Exercise description. Starting with the line that contains "Pando Moto MIKE ZERO 1 T-Shirt" and ending with the last line of the listing, print each line exactly. Pictures stay out.

Input data.
######
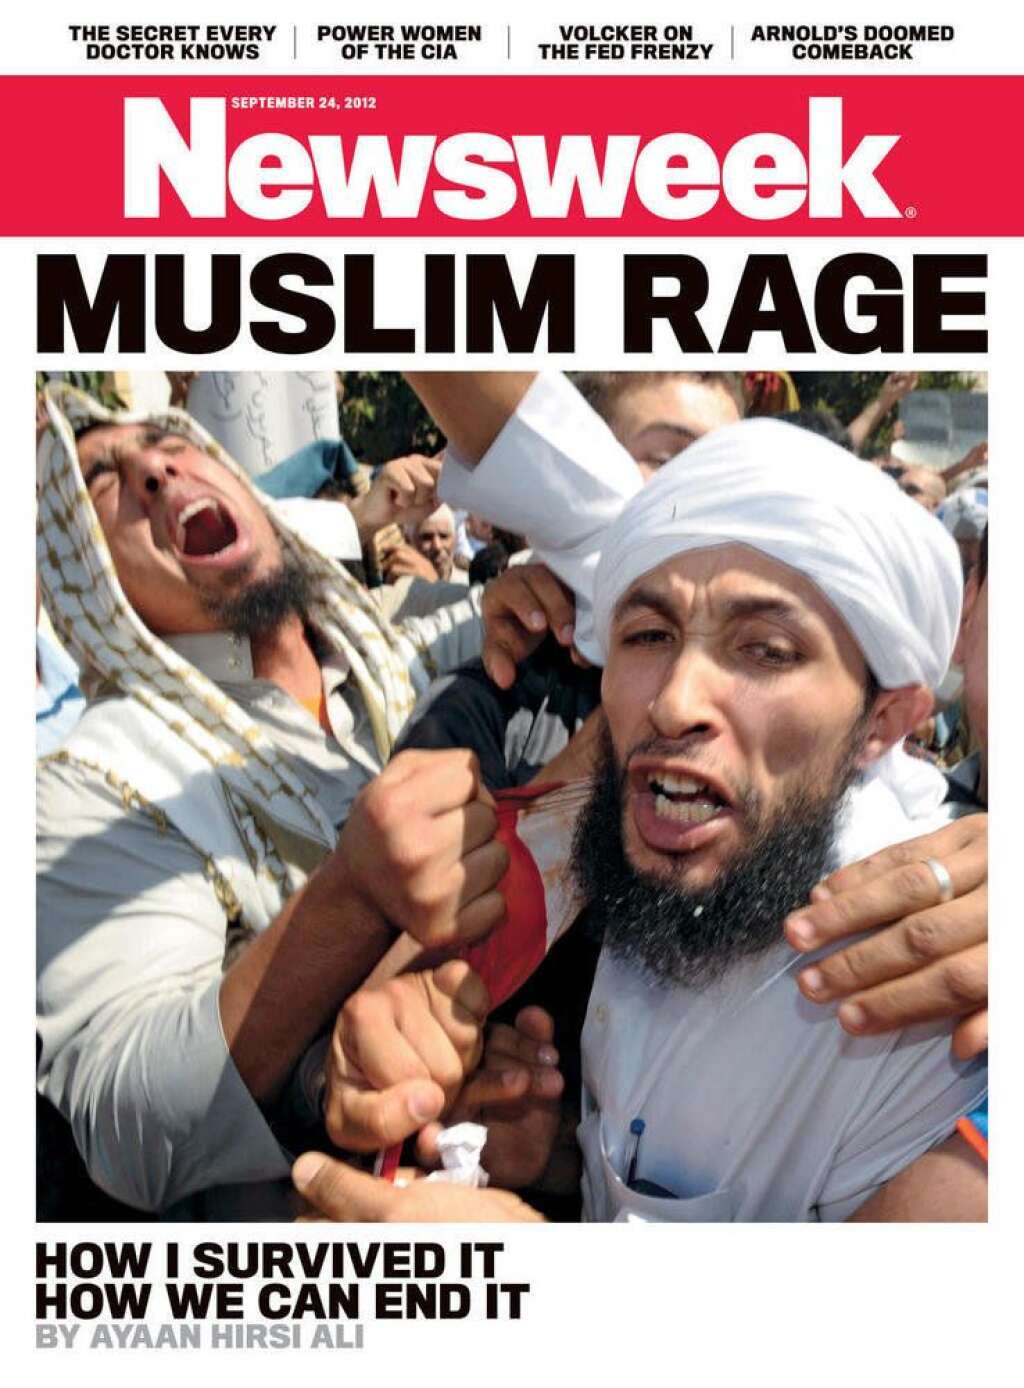 L'édition du 24 septembre 2012 - "La rage des musulmans" - en référence à la colère qui a embrasé le monde arabe après la diffusion du film islamophobe  "Innocence of Muslims".
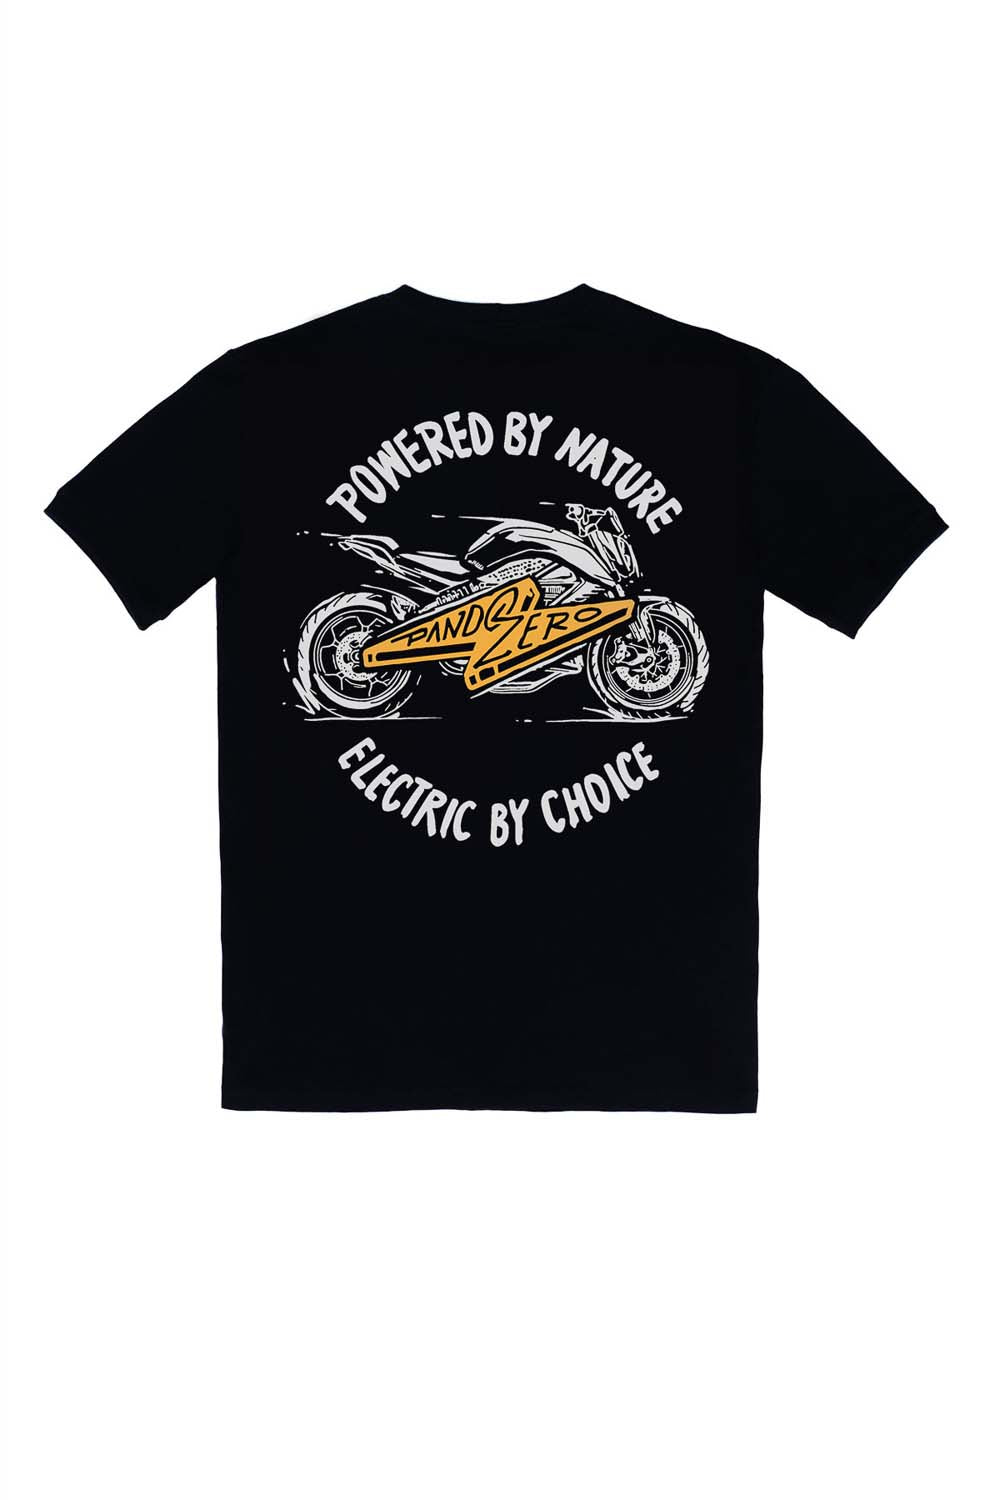 Pando Moto MIKE ZERO 1 T-Shirt
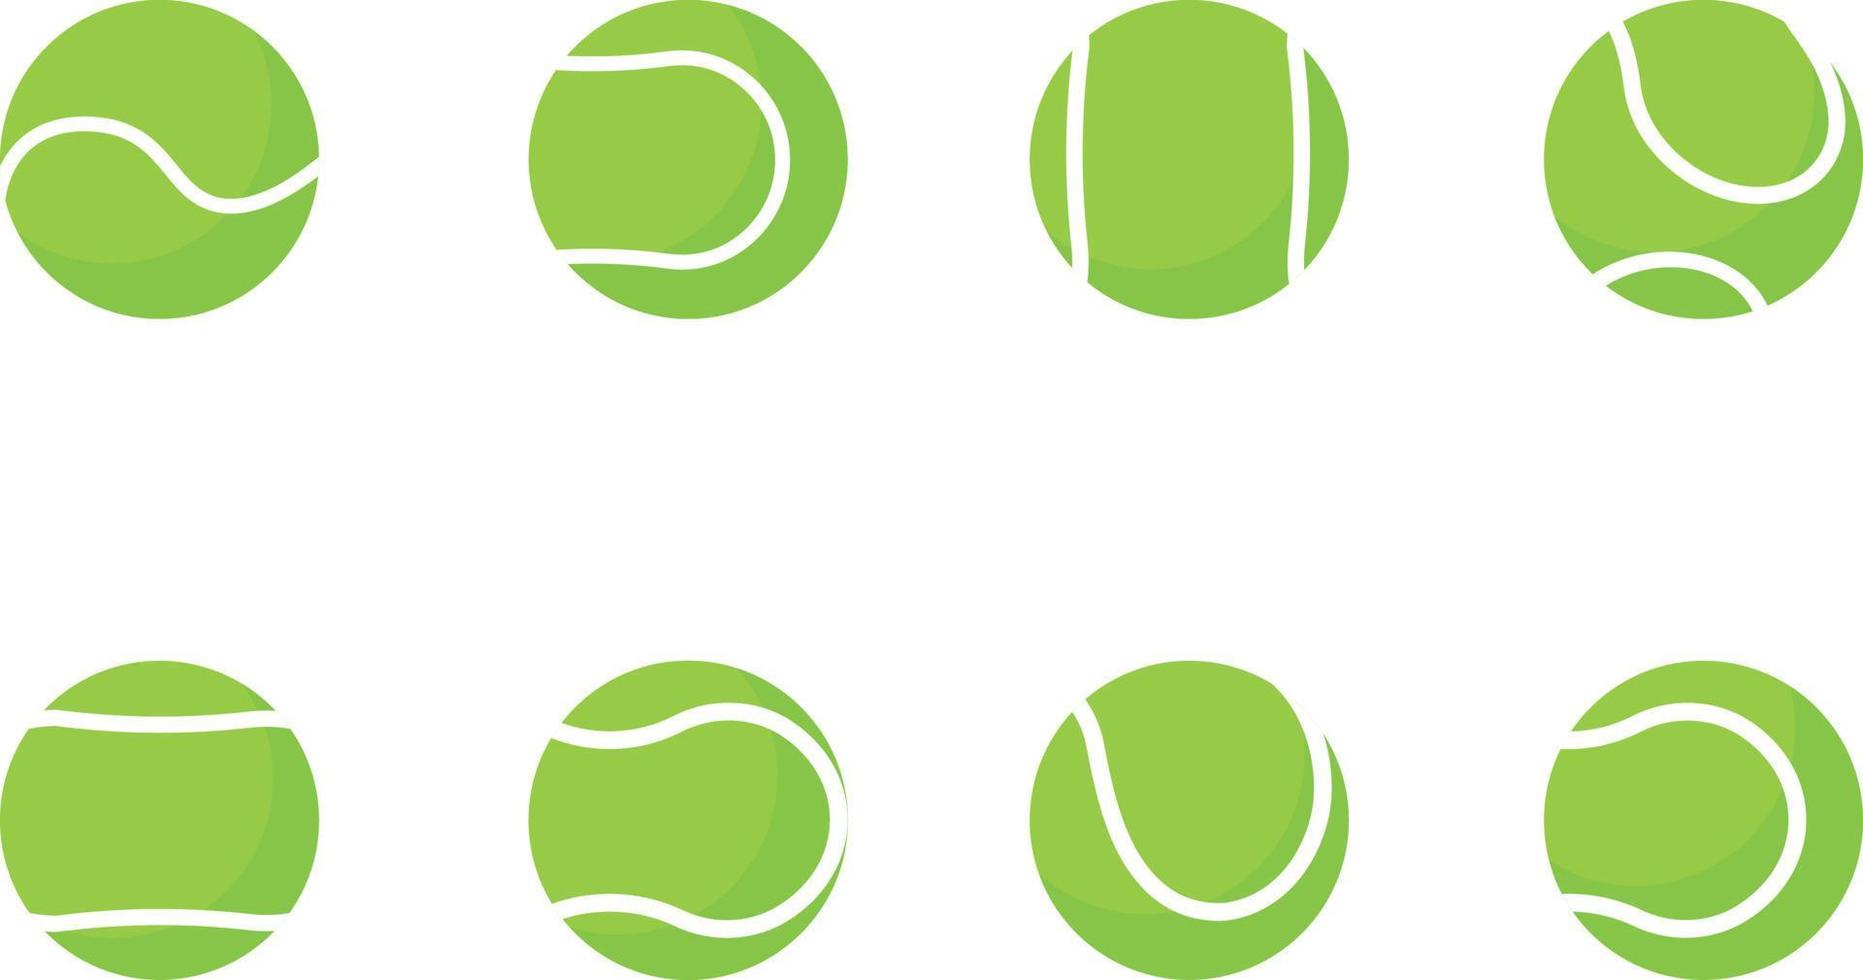 Vektor grüne Tennisball-Sammlung. Tennisball-Set isoliert auf weißem Hintergrund
######
Solution below.
 Pando Moto MIKE ZERO 1 T-Shirt
 Vektor grüne Tennisball-Sammlung. Tennisball-Set isoliert auf weißem Hintergrund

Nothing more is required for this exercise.